What the exercise asks: Please output the listing that follows exactly, but keep all images out.

-- Dataset extract follows --

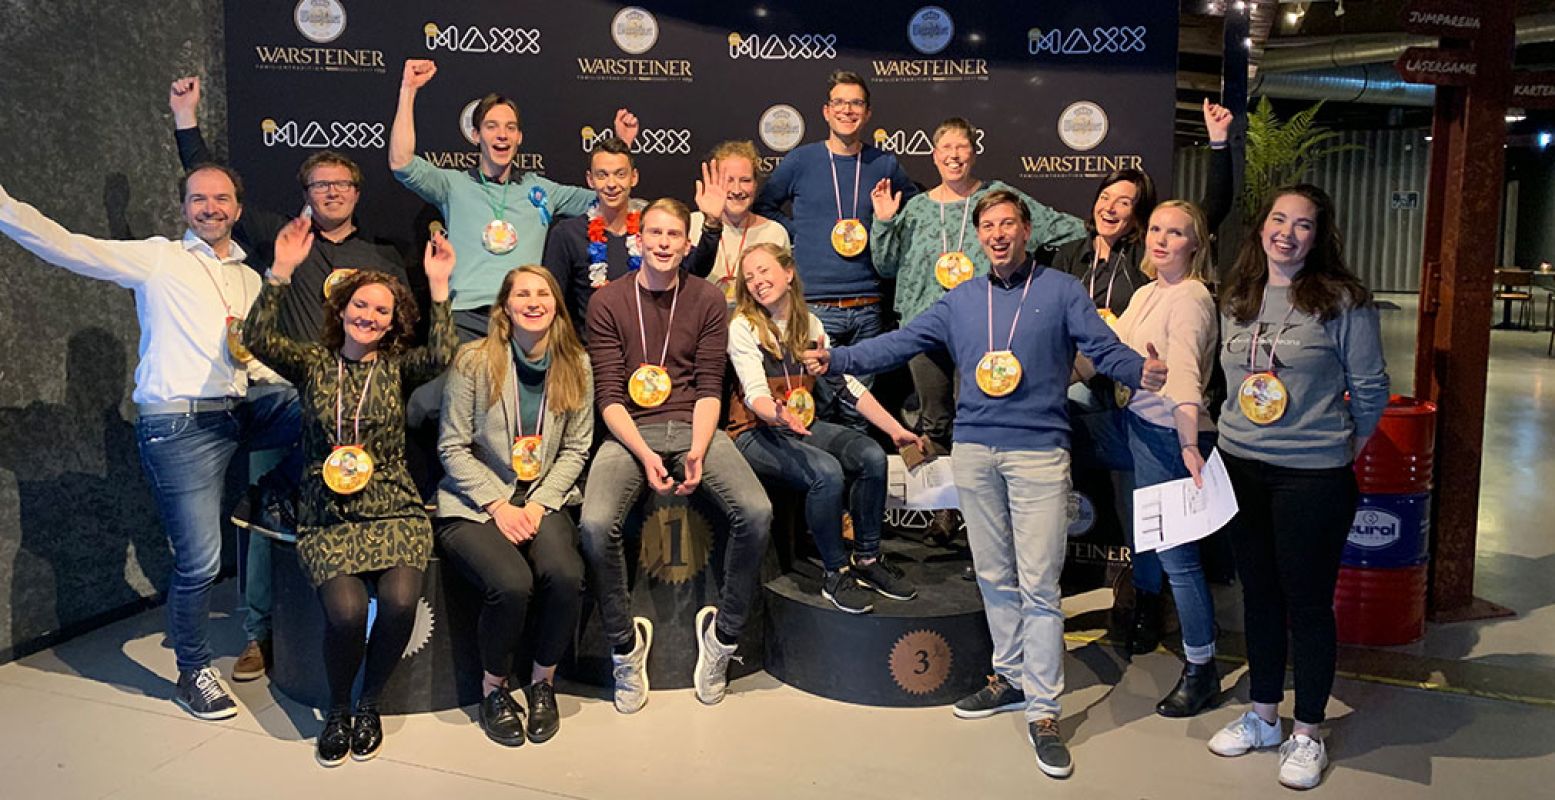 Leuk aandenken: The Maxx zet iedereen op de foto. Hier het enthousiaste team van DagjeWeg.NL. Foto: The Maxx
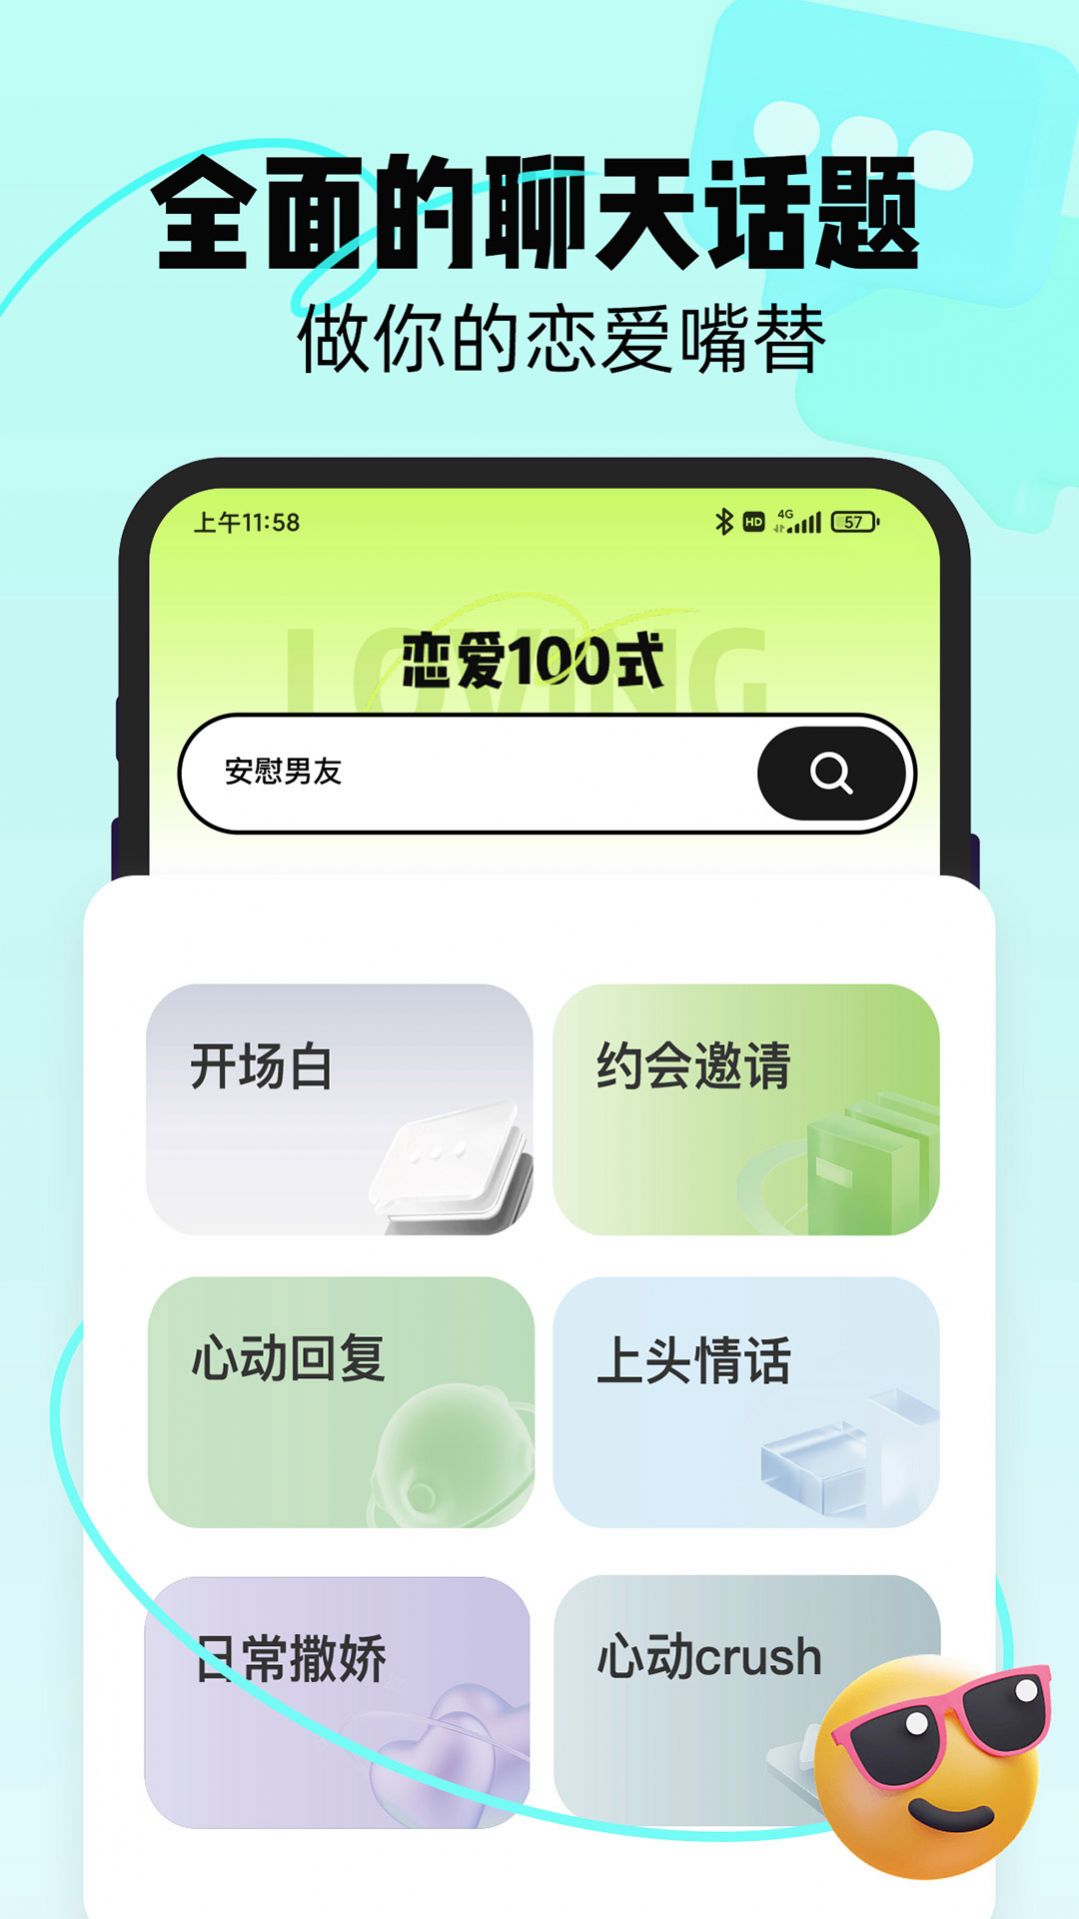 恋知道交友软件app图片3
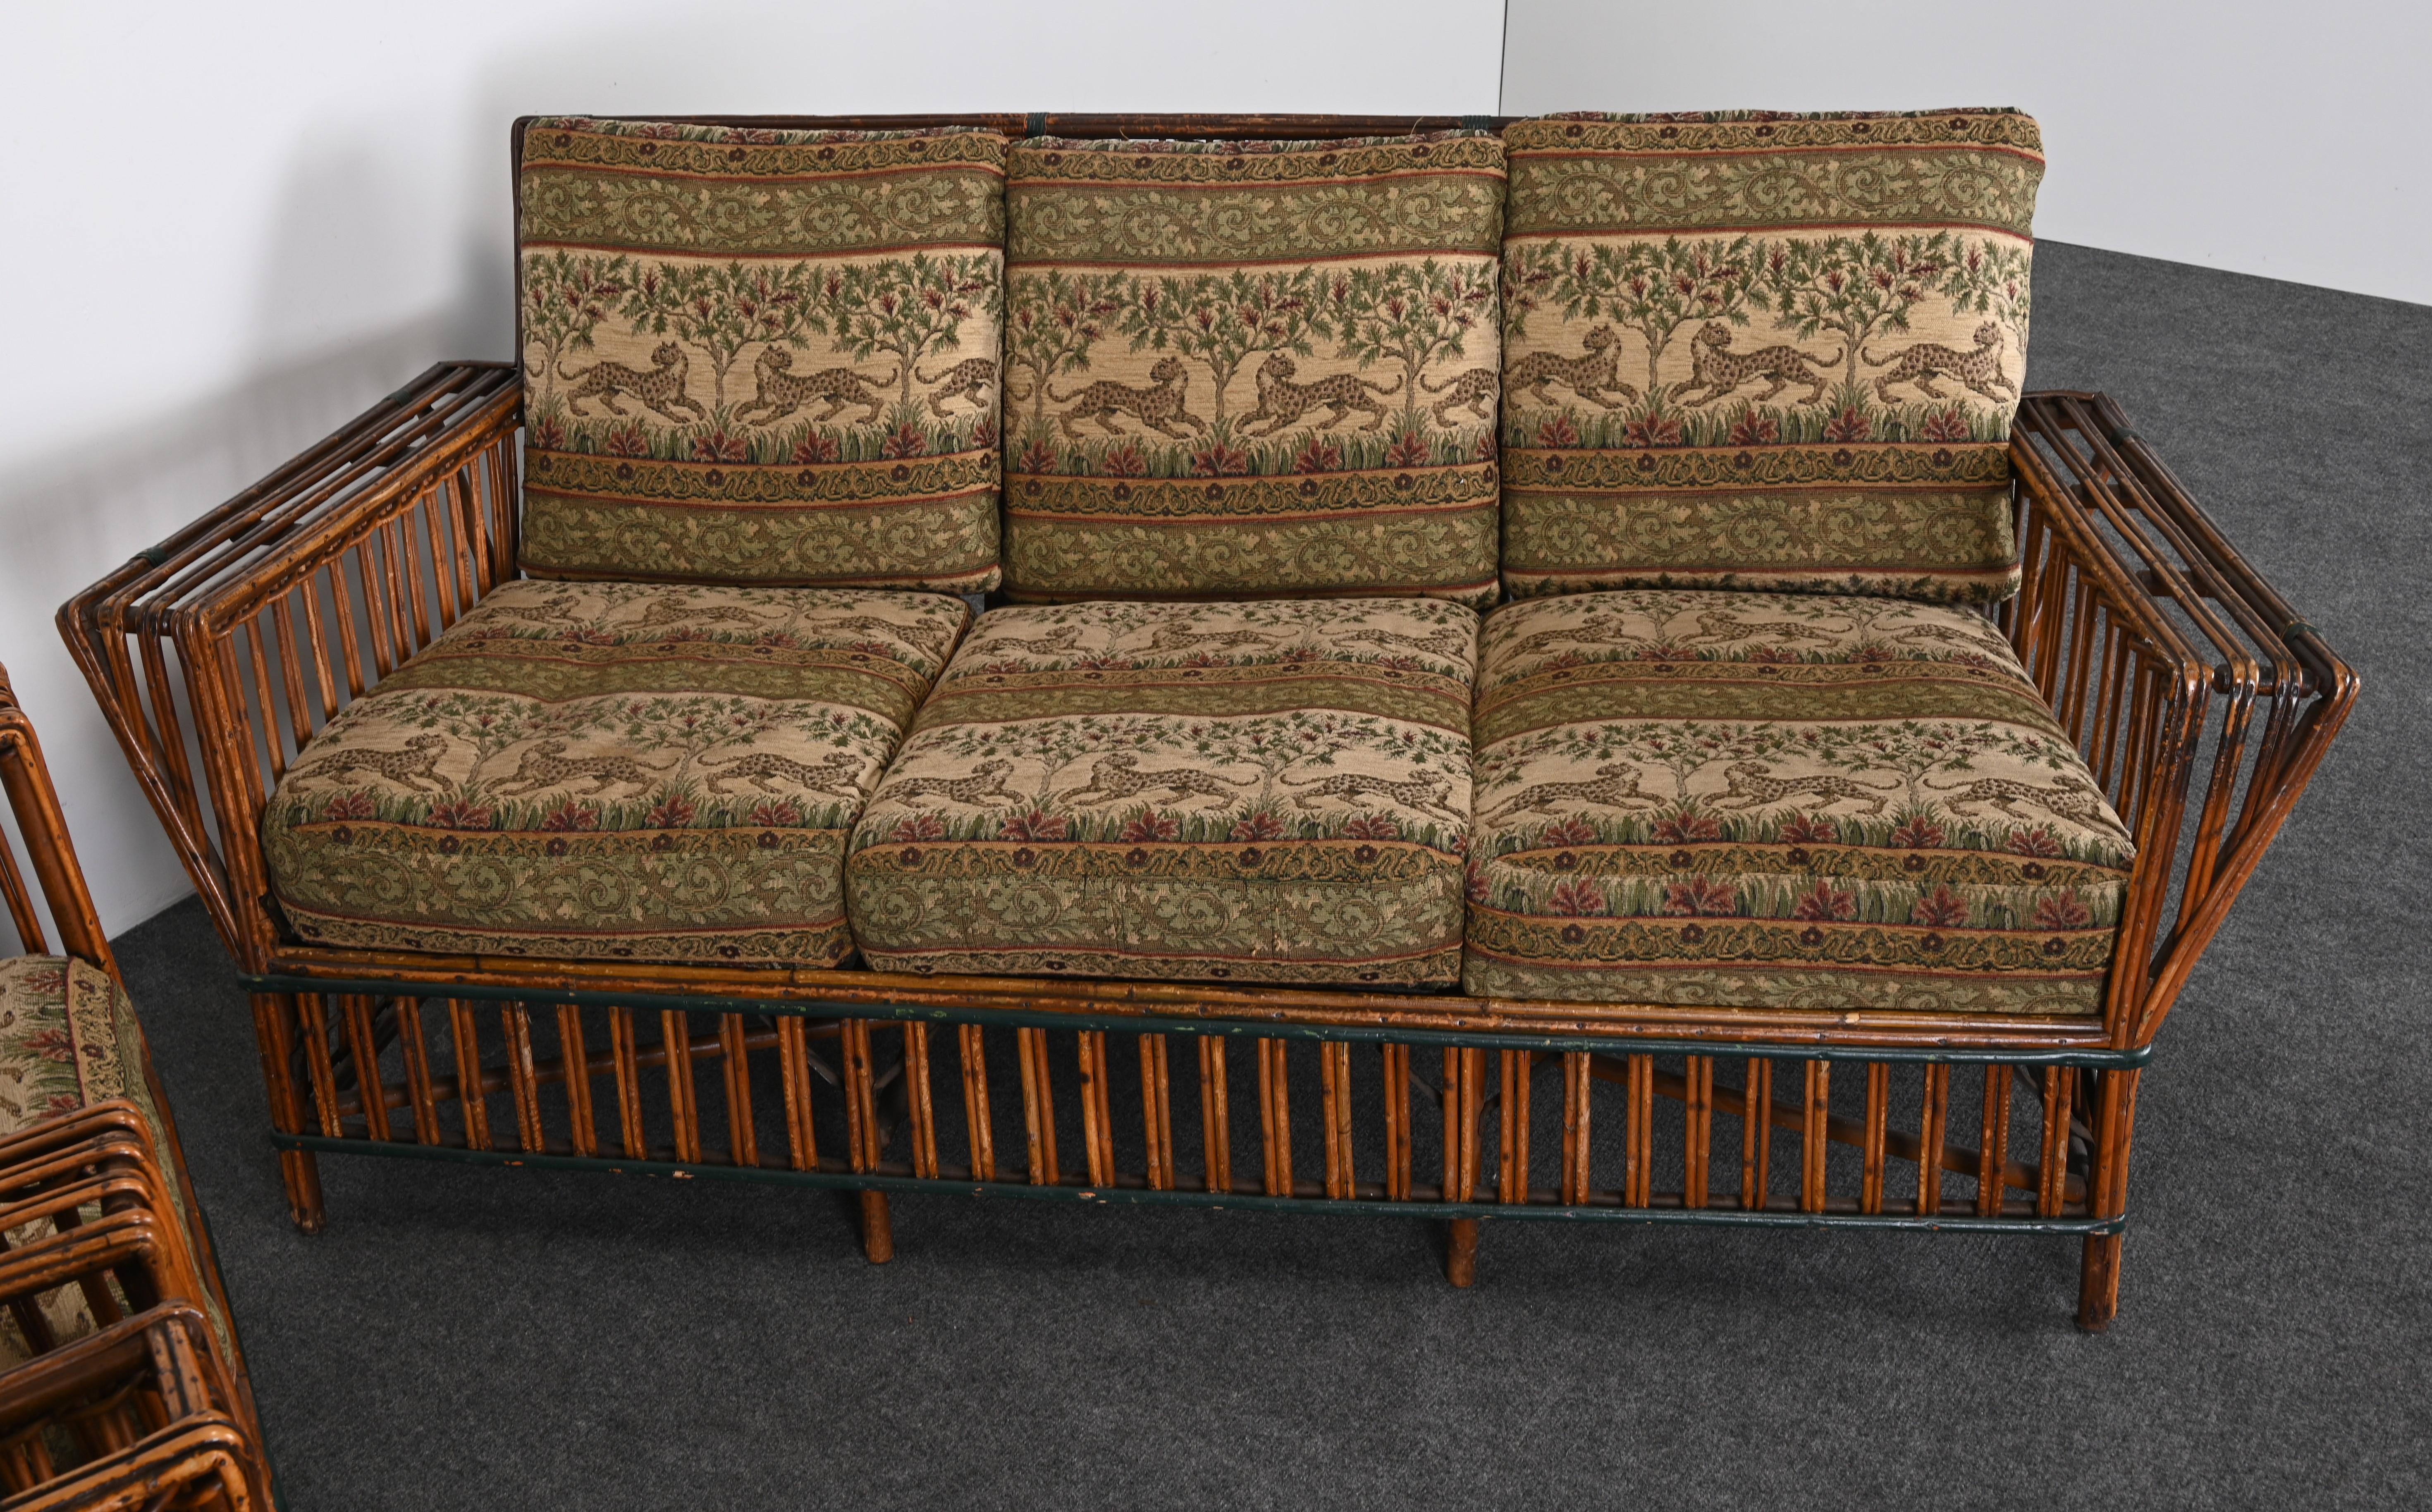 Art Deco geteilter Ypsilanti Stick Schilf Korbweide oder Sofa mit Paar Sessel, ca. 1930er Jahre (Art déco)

-- Dataset extract concluded --

Answer box:
 Leuk aandenken: The Maxx zet iedereen op de foto. Hier het enthousiaste team van DagjeWeg.NL. Foto: The Maxx
 恋知道交友软件app图片3
 Art Deco geteilter Ypsilanti Stick Schilf Korbweide oder Sofa mit Paar Sessel, ca. 1930er Jahre (Art déco)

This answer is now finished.